*Source data*
* * * * * * * * *

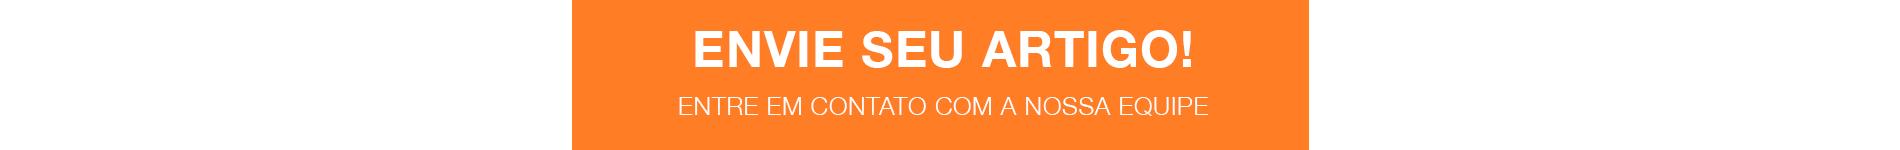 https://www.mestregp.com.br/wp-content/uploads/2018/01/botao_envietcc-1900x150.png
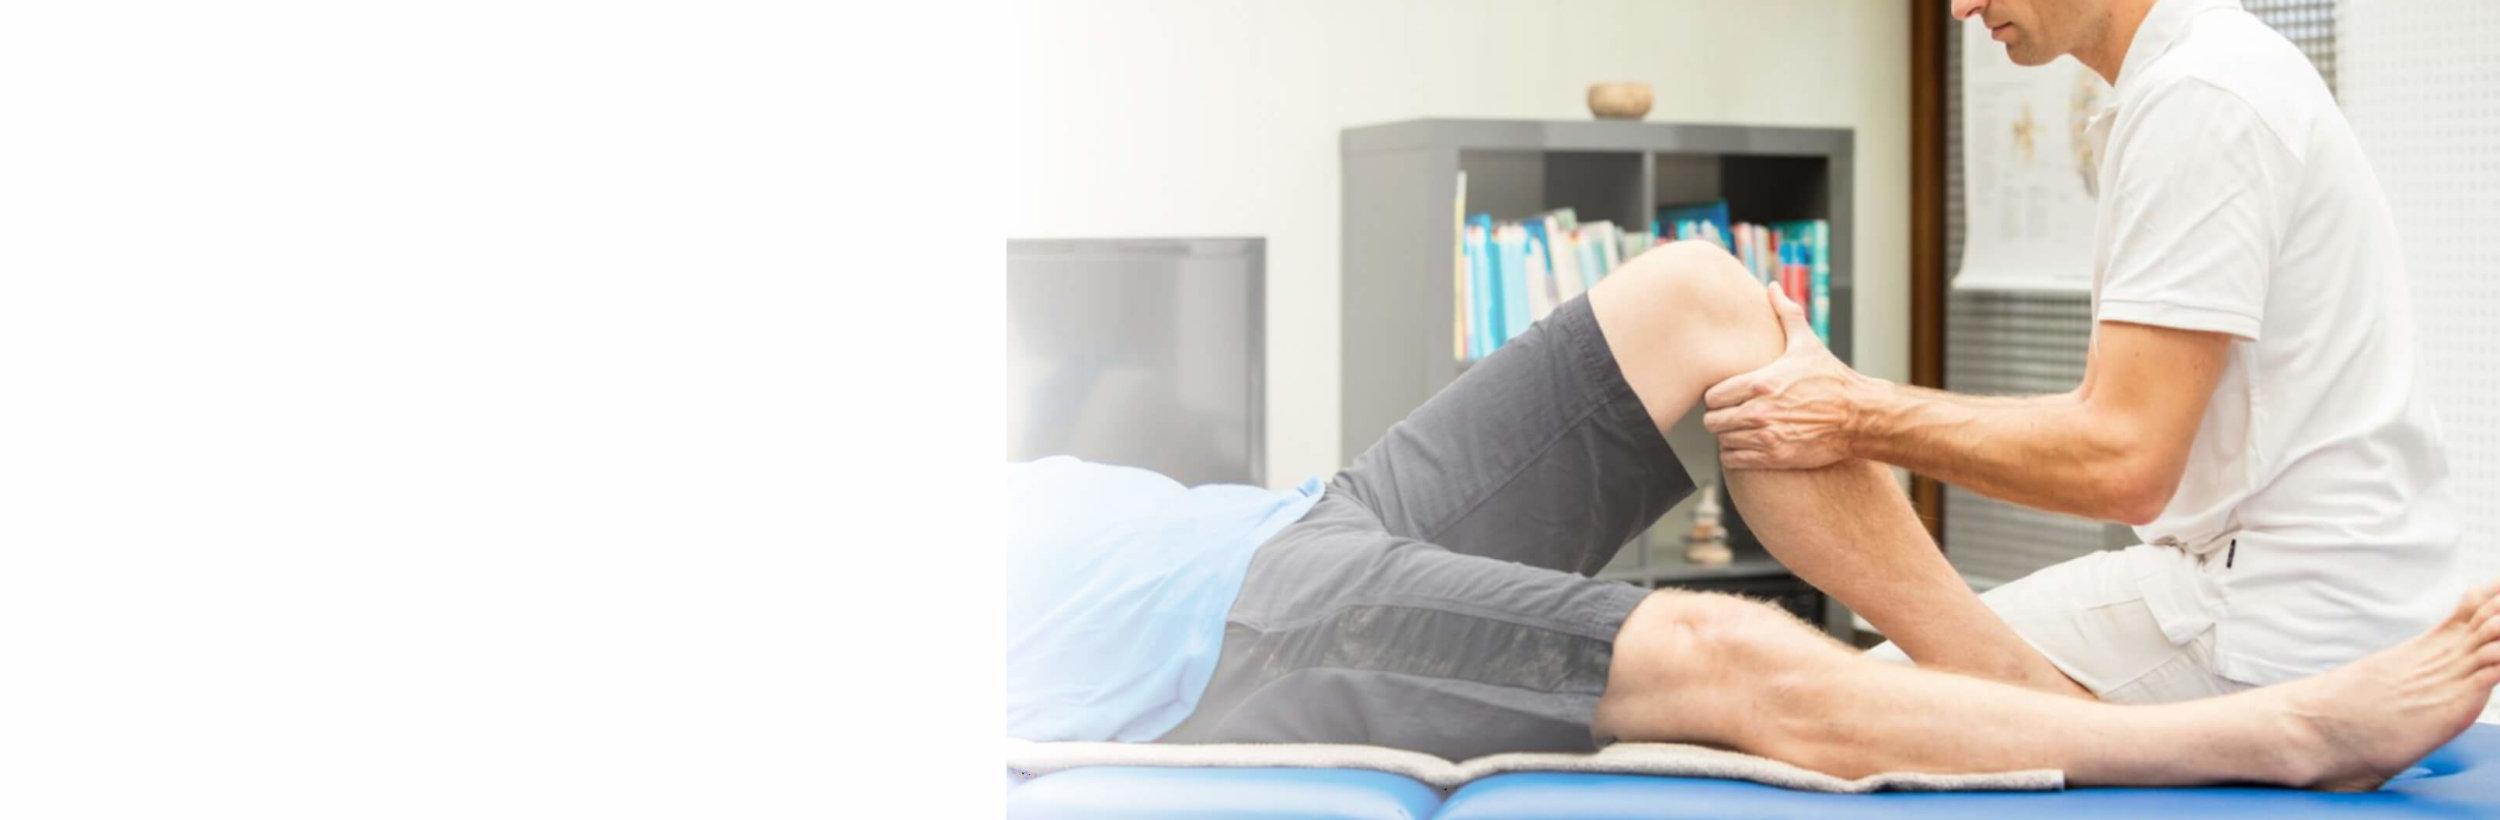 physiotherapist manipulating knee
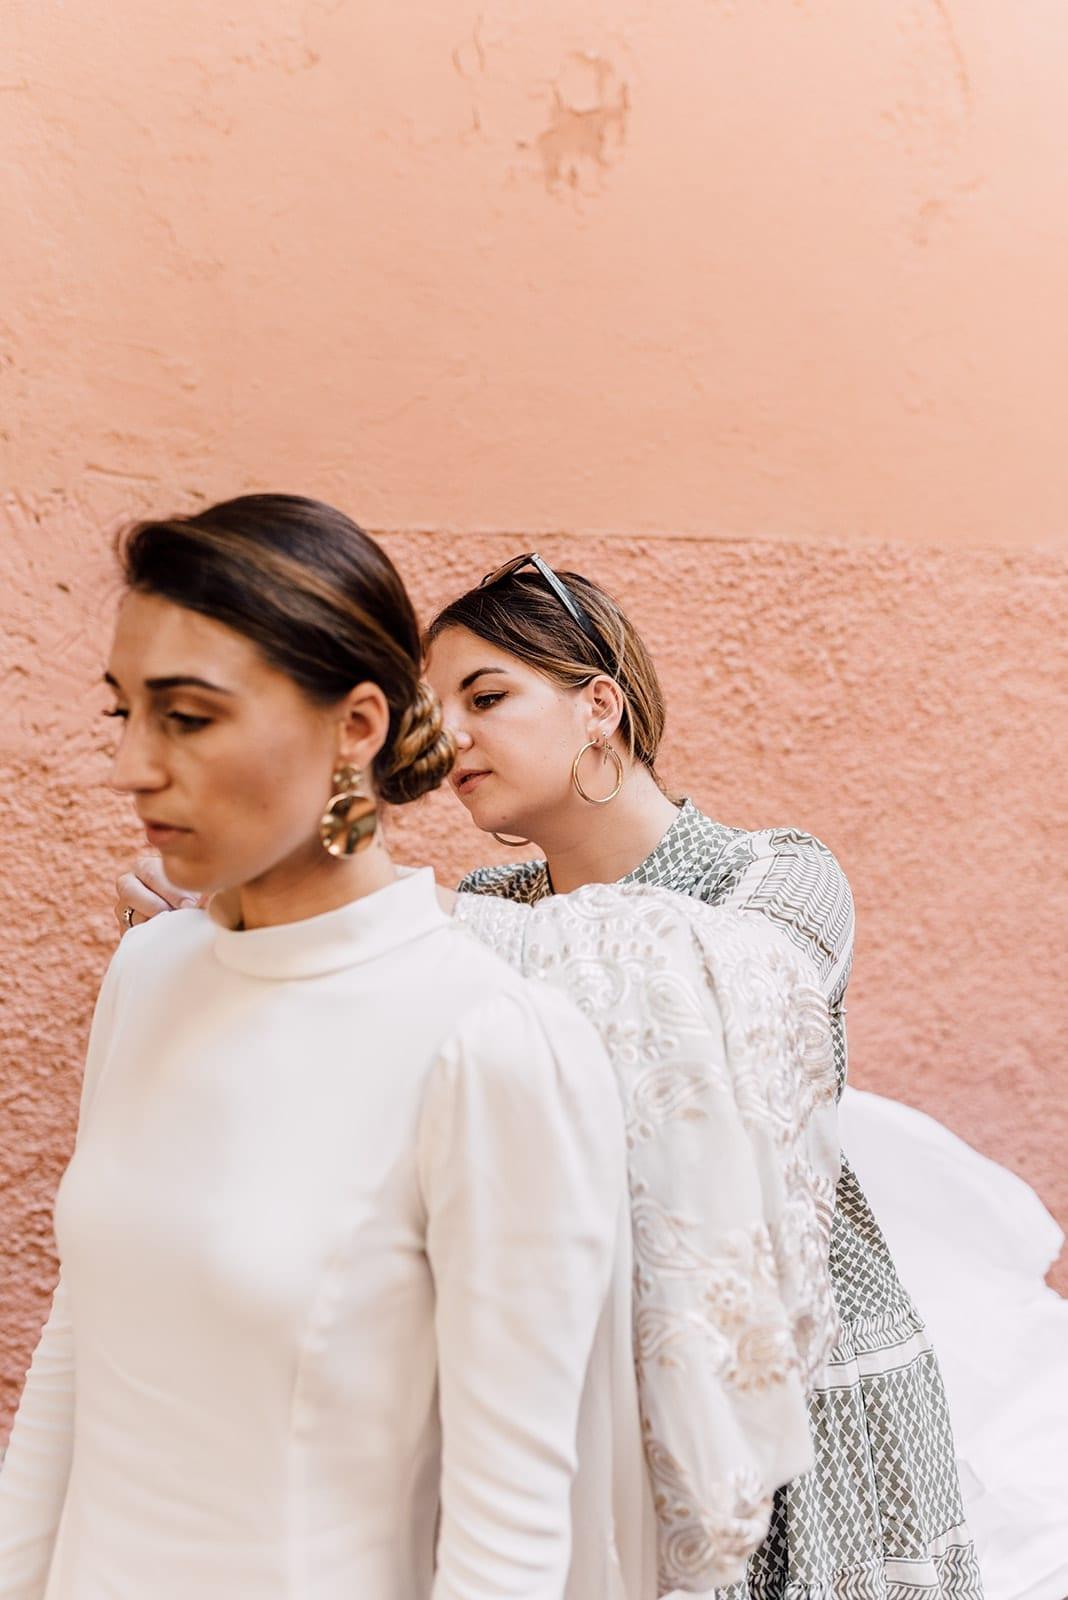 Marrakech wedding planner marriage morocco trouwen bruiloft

* * * * * * * * *

*What you need to do*
Please retype the material in full, exactly as it reads, apart from the images.

*Result for this task*
 https://www.mestregp.com.br/wp-content/uploads/2018/01/botao_envietcc-1900x150.png
 physiotherapist manipulating knee
 Marrakech wedding planner marriage morocco trouwen bruiloft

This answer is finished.